§ **YOUR GOAL**:
Without including any pictures, write out all the records word for word.
::: THE DATA
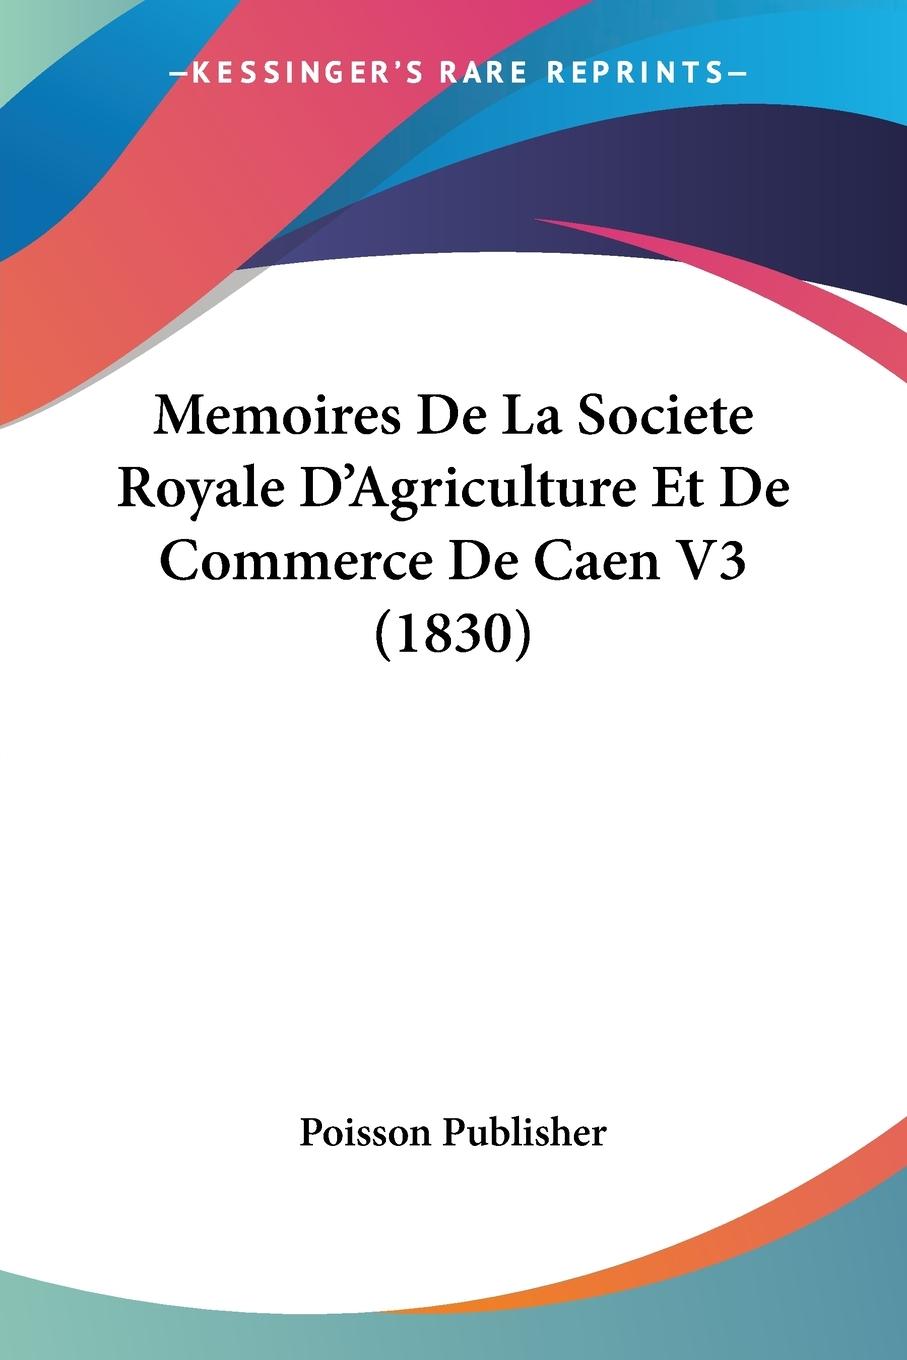 Memoires De La Societe Royale D Agriculture Et De Commerce De Caen V3 (1830) - Poisson Publisher
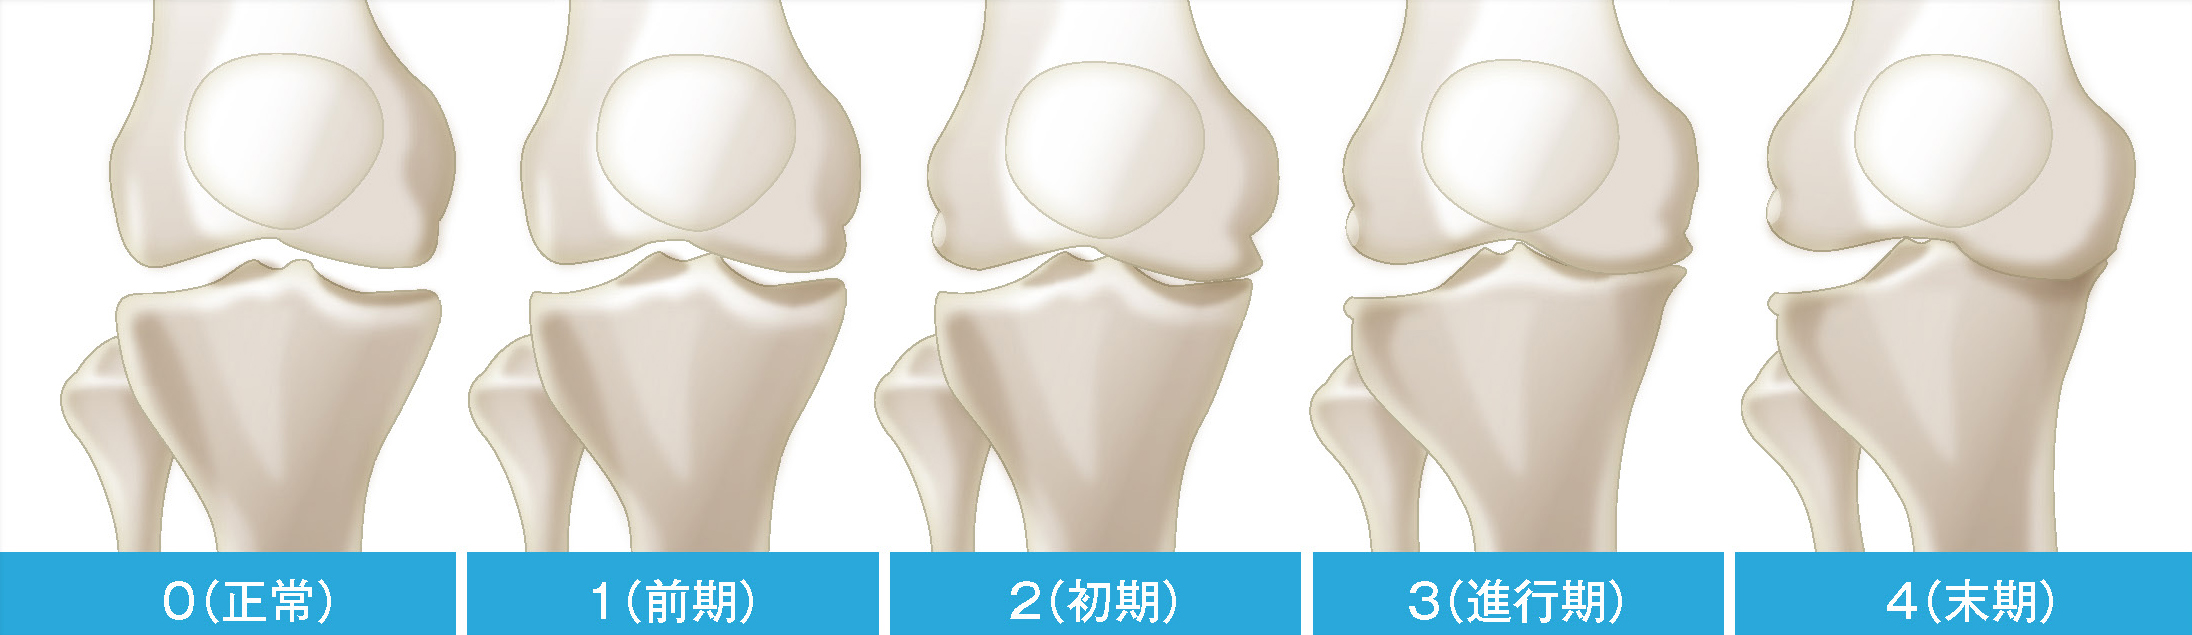 変形性膝関節症の5段階
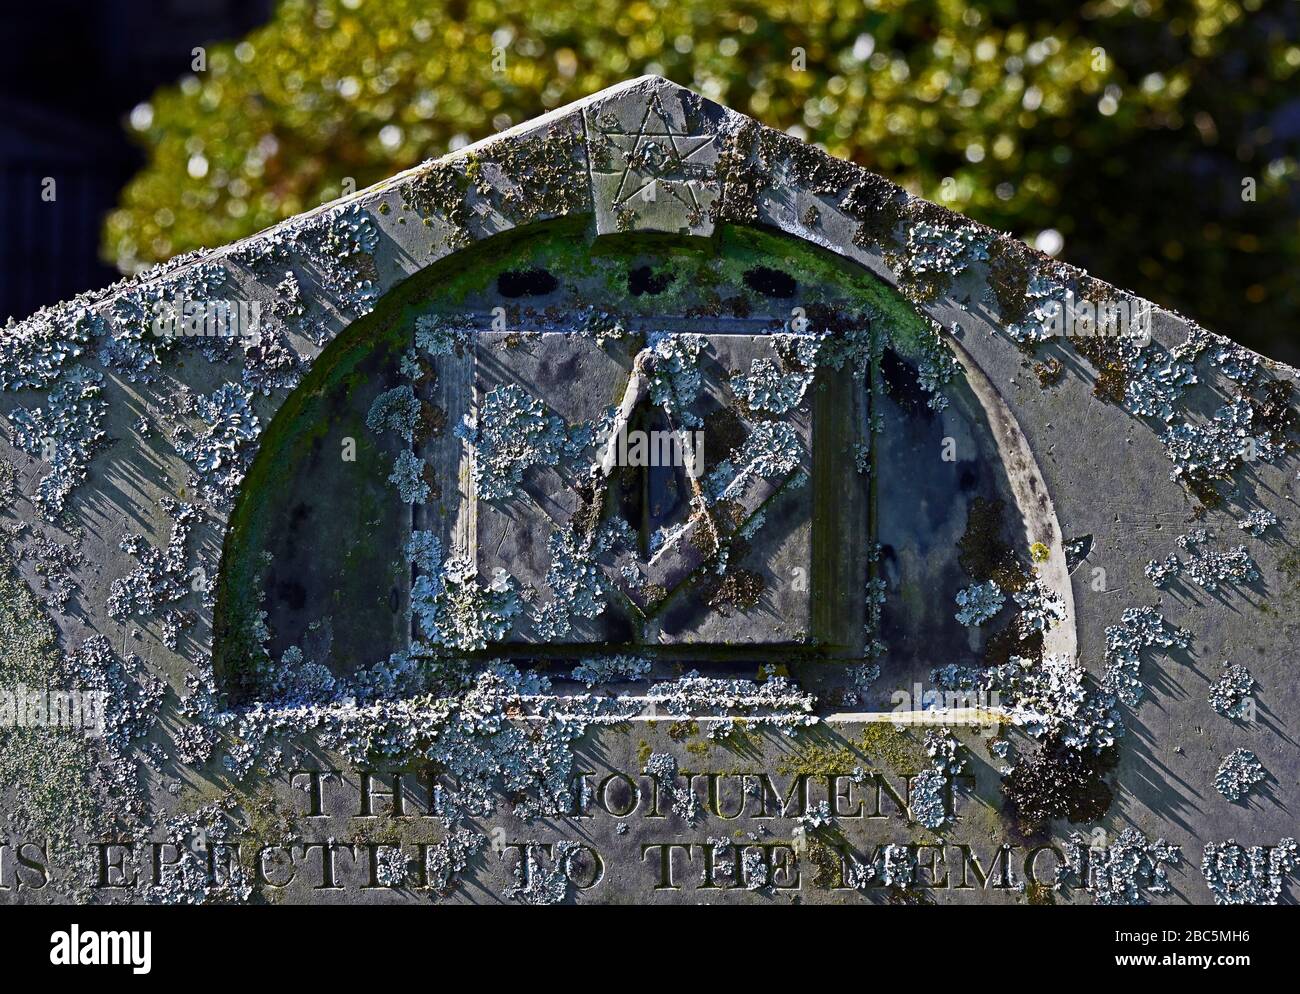 Dettaglio di Gravestone con simboli massonici. Chiesa parrocchiale della Santissima Trinità, Kendal, Cumbria, Inghilterra, Regno Unito, Europa. Foto Stock
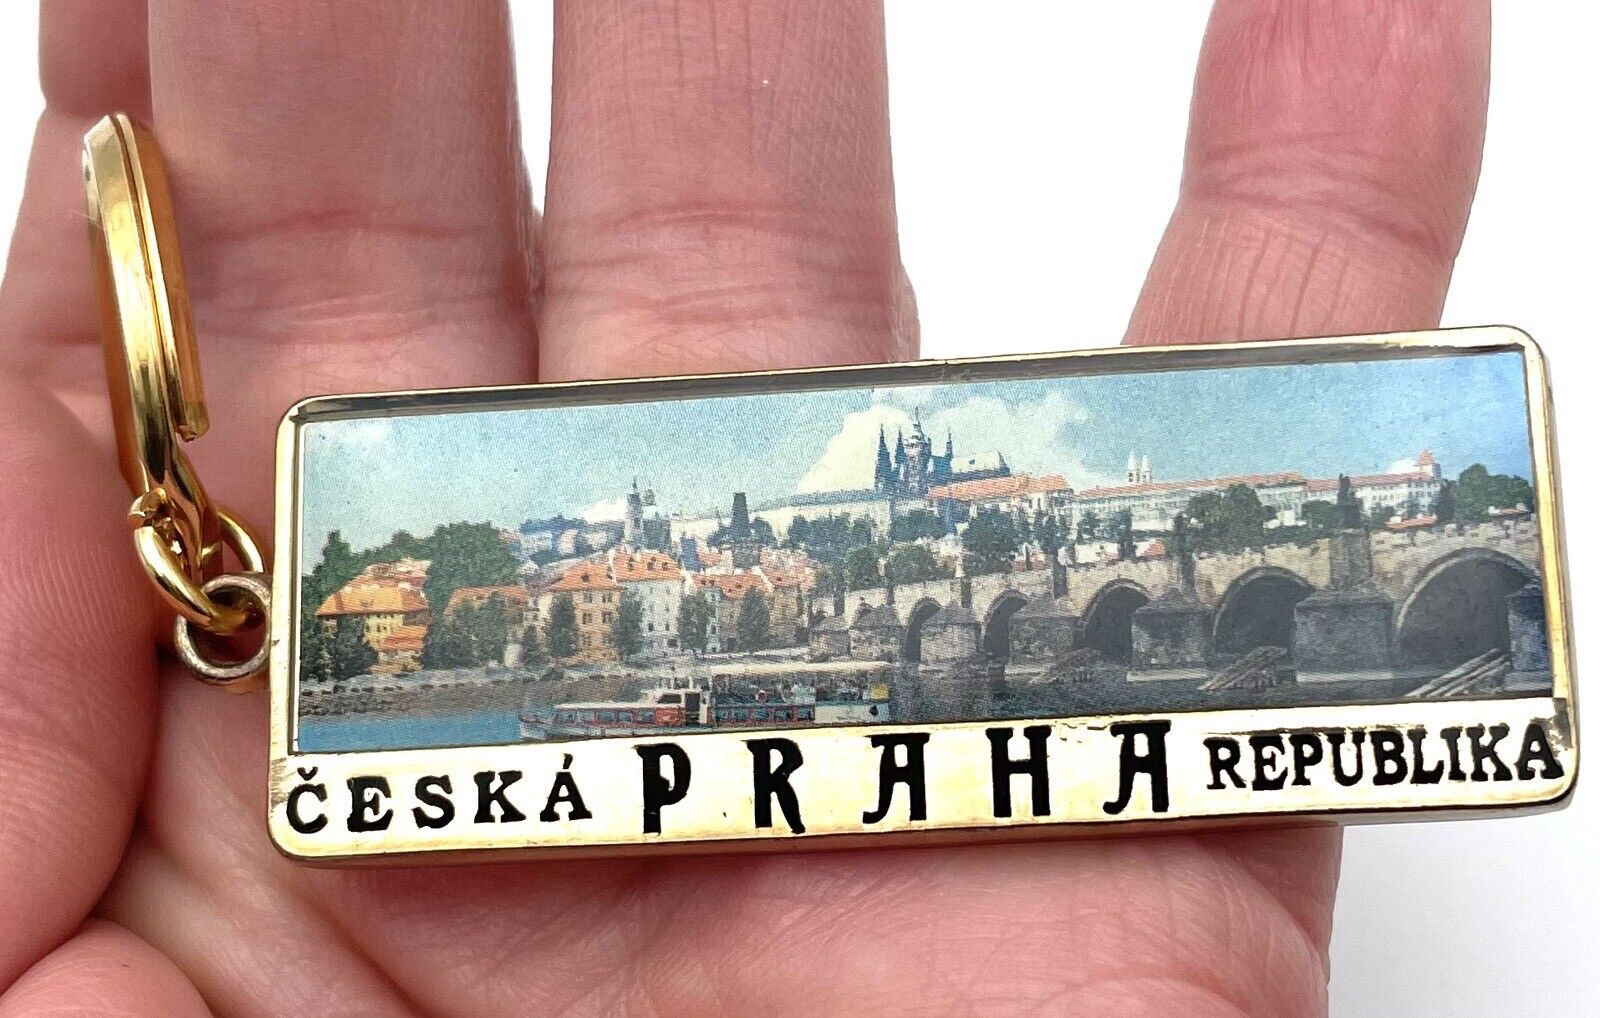 CESKA PRAHA REPUBLIKA Keychain Key Fob Collectible Souvenir Czech Republic
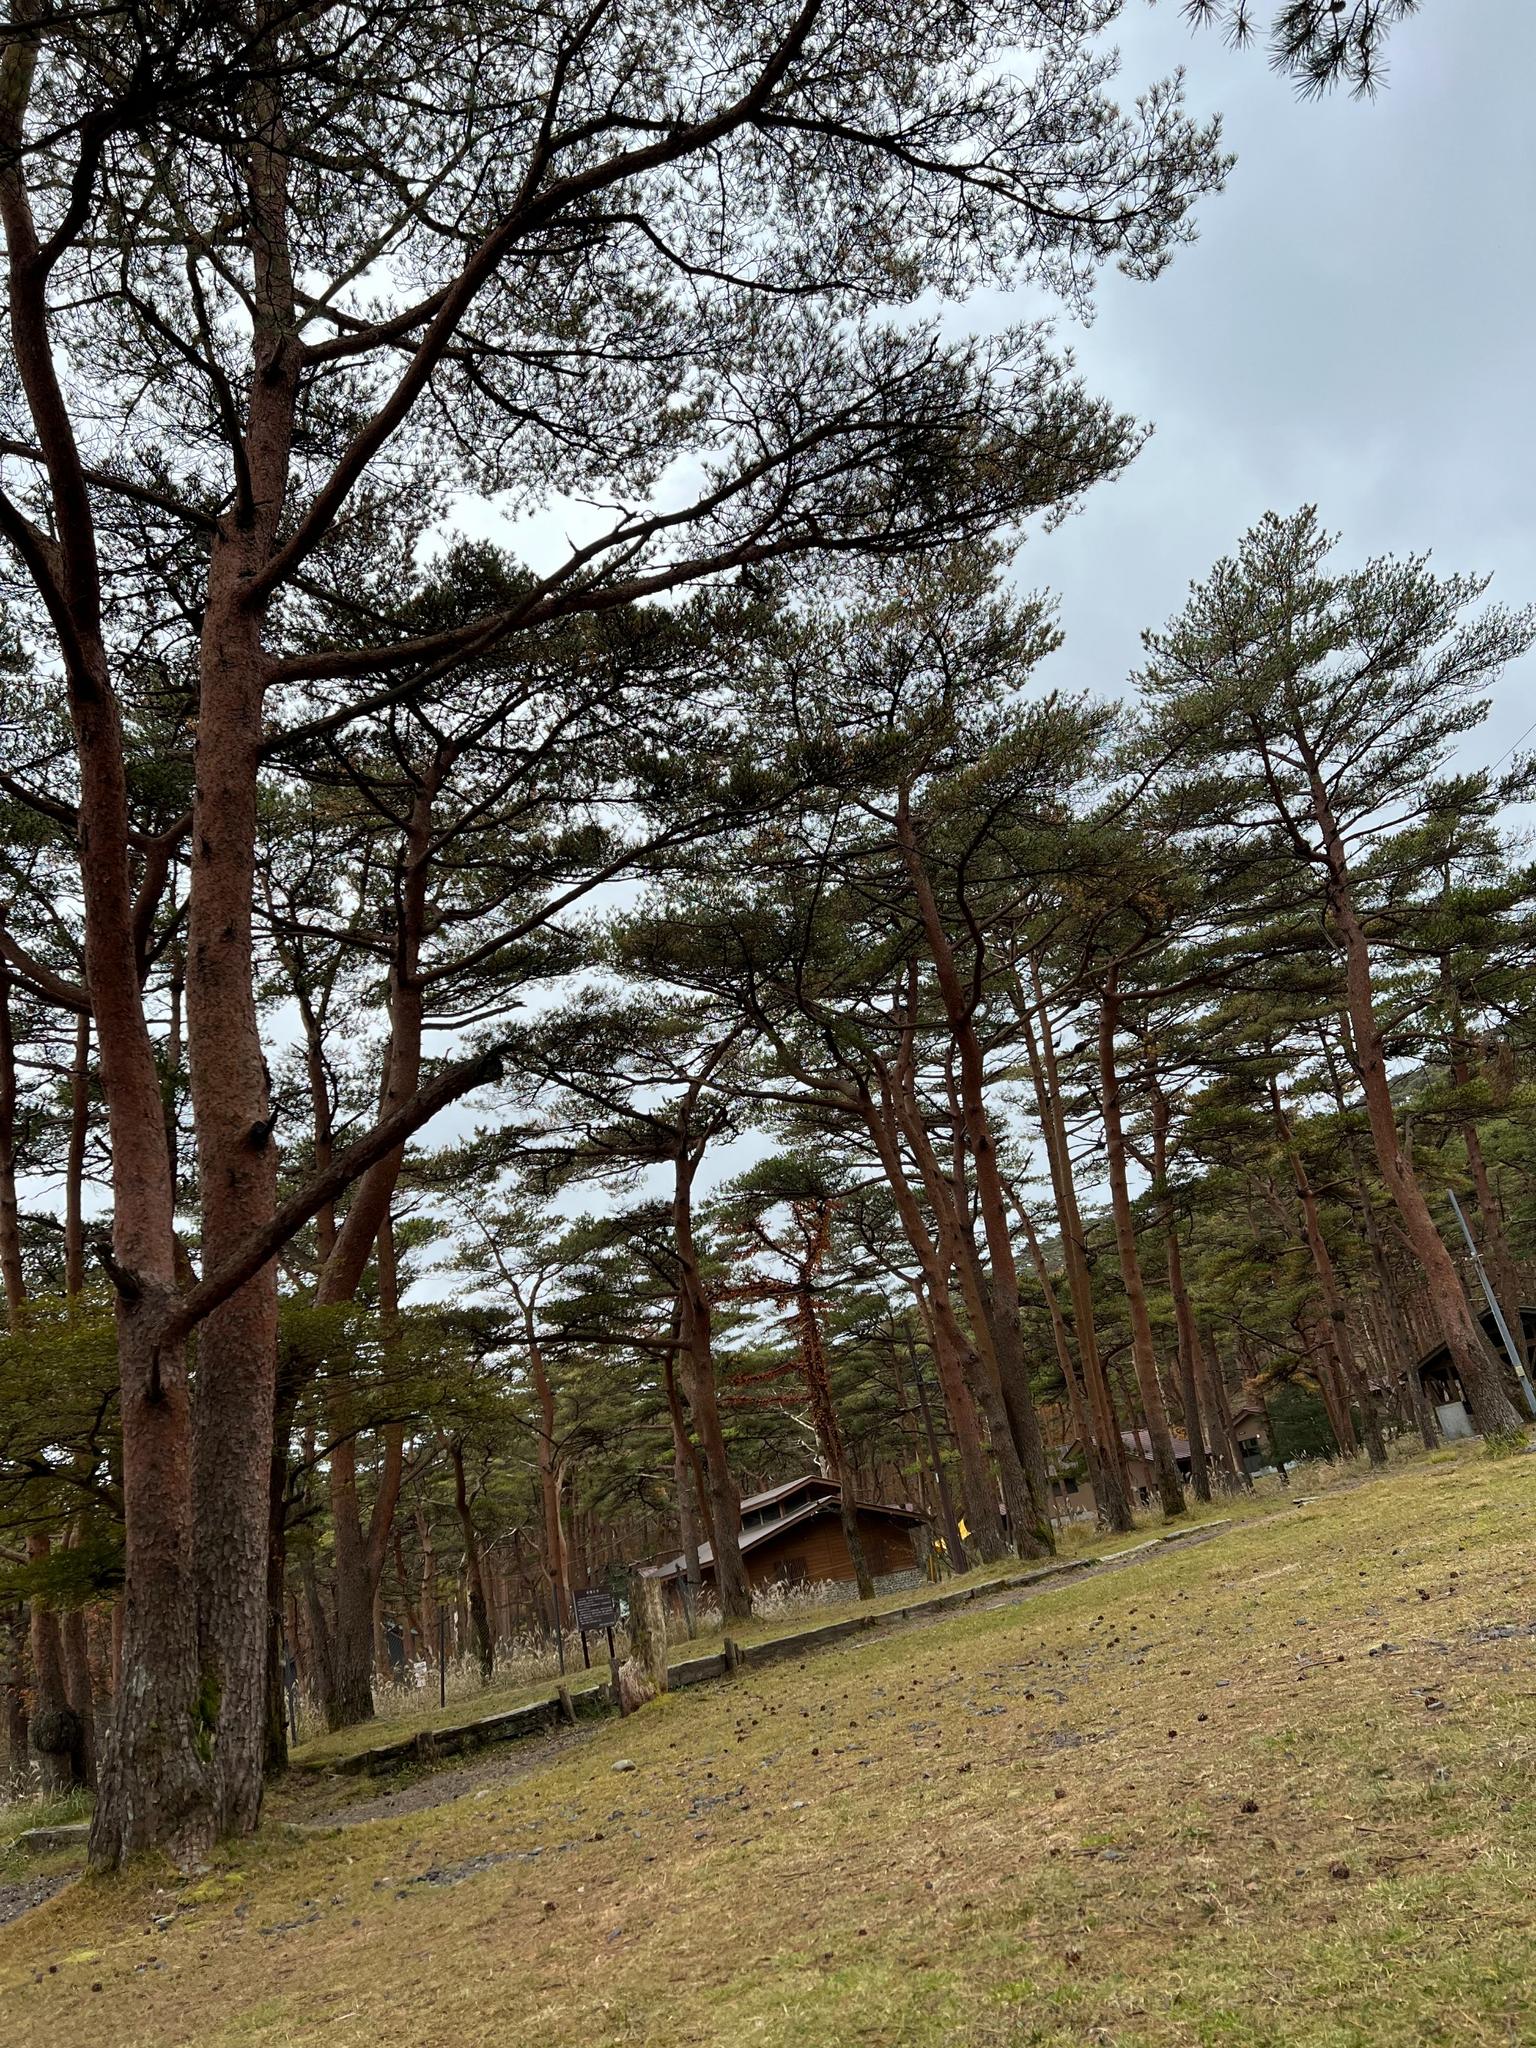 赤松の花言葉は「不老長寿」です。赤松に囲まれパワーを感じるキャンプは、えびの高原ならではです。
::::::
§ **ANSWER FOR THE TASK**:
 Memoires De La Societe Royale D Agriculture Et De Commerce De Caen V3 (1830) - Poisson Publisher
 変形性膝関節症の5段階
 Dettaglio di Gravestone con simboli massonici. Chiesa parrocchiale della Santissima Trinità, Kendal, Cumbria, Inghilterra, Regno Unito, Europa. Foto Stock
 CESKA PRAHA REPUBLIKA Keychain Key Fob Collectible Souvenir Czech Republic
 赤松の花言葉は「不老長寿」です。赤松に囲まれパワーを感じるキャンプは、えびの高原ならではです。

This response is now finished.